I happen to use GCC-5.4.0 on 64-bit Linux (running on an Core i5-7200U CPU on a laptop), so I can use unsigned __int128
, a 128-bit unsigned integer type, for the Collatz sequence. I also have 16 GiB of RAM, of which I used about 12 GiB, to store the lengths of sequences up to 13 billion (13×109), for odd indexes.
Whenever you find the length of the sequence starting at some odd i, the length of the sequence starting at 2i is one step longer (but otherwise the same). In fact, there is a sequence starting at 2ki that is exactly k steps longer. If you are only looking for the smallest starting value for a sequence of some minimum length, you can ignore all even starting points until k is sufficiently small (essentially bracketing the range of starting values you need to look into).
Considering only even starting values would give a significant speedup (20% or more), but I drew my "line" here, and instead check every single starting value.
To speed up the calculation, I used the __builtin_ctz() GCC built-in (the __builtin_ctzll()

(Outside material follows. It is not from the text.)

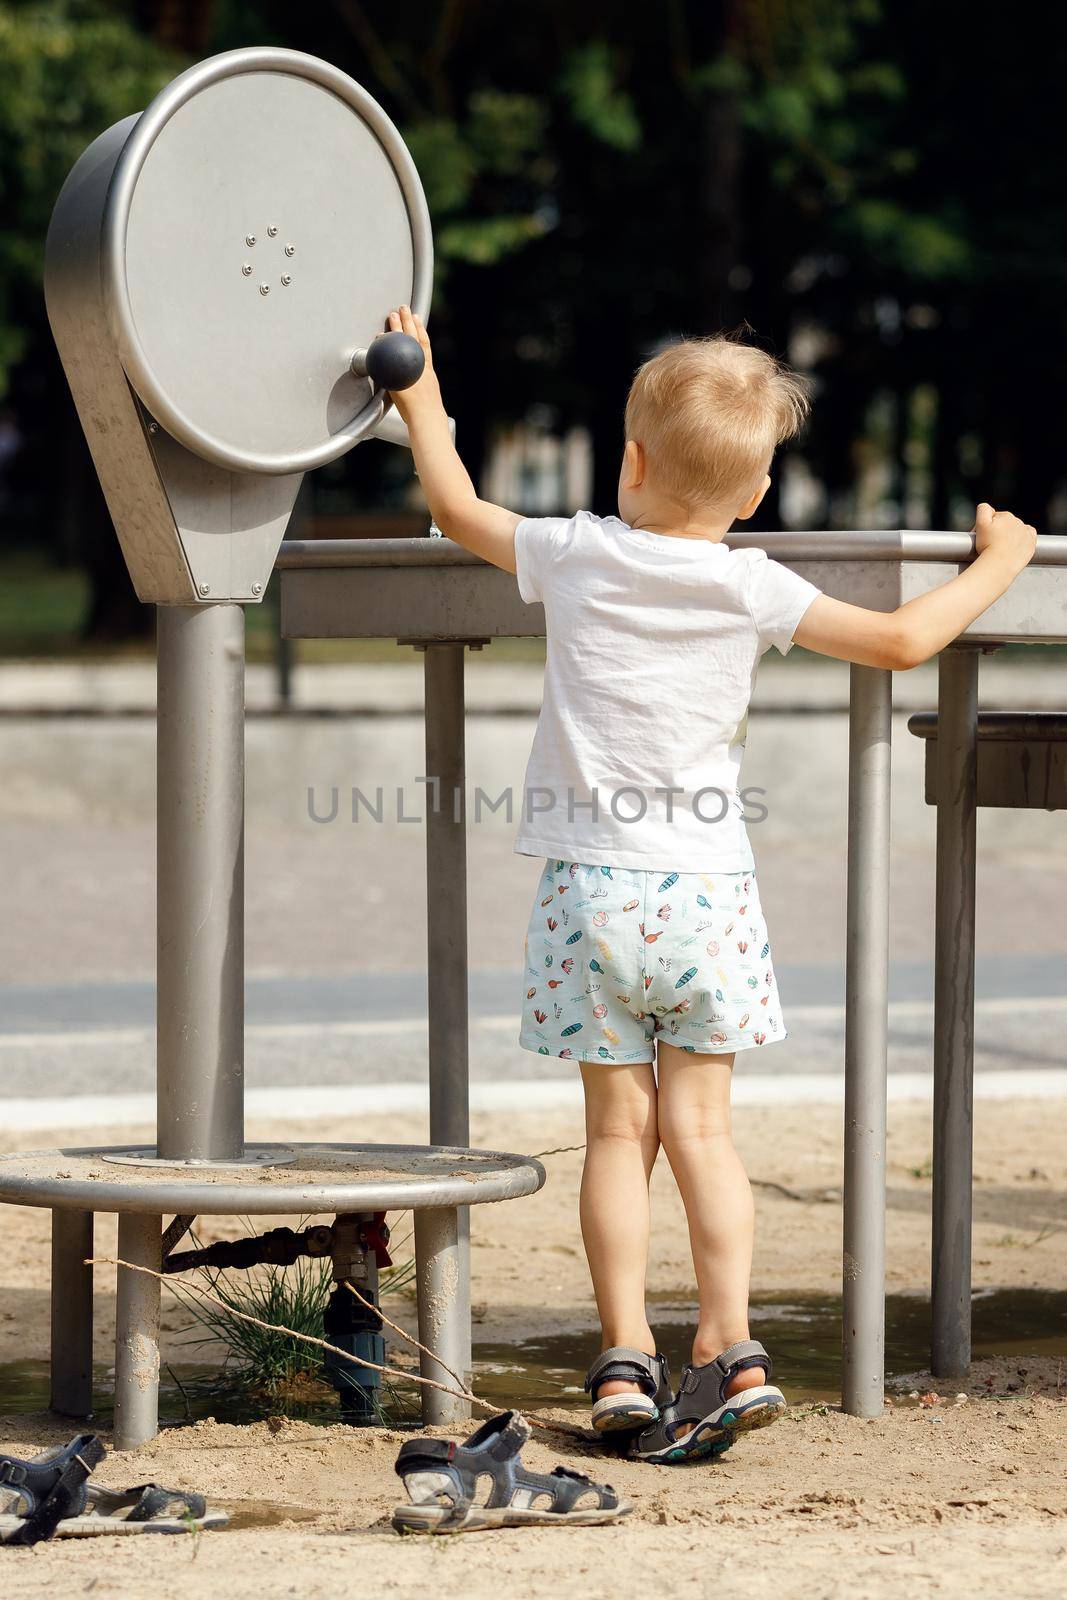 Barefoot little boy wearing shorts and t-shirt playing with water pump faucet in public park.

for 64-bit unsigned long long
) to find the number of consecutive least significant zero bits. That way I could handle all consecutive "even" steps in one go, but count the number of steps correctly.
I also split up the sequence stepper into two parallel ones, one handling the cases where the state fits in a 64-bit variable, and the other where full 128 bits are needed.
In the 64-bit only part, if the sequence length for the current state is cacheable, I look it up. If it is nonzero, I add that to the number of steps we have already done, and I have the result. Otherwise, I add that cache entry index, and the number of steps from the root, to a small update cache. That way, when I have the result, I do not need to repeat the sequence, and can simply apply the updates in a tight loop. Before multiplication by three and adding one, I do check that the value does not overflow (6148914691236517205 overflows, to 264); if it does, I switch to the 128-bit part, and do the multiply-add there instead.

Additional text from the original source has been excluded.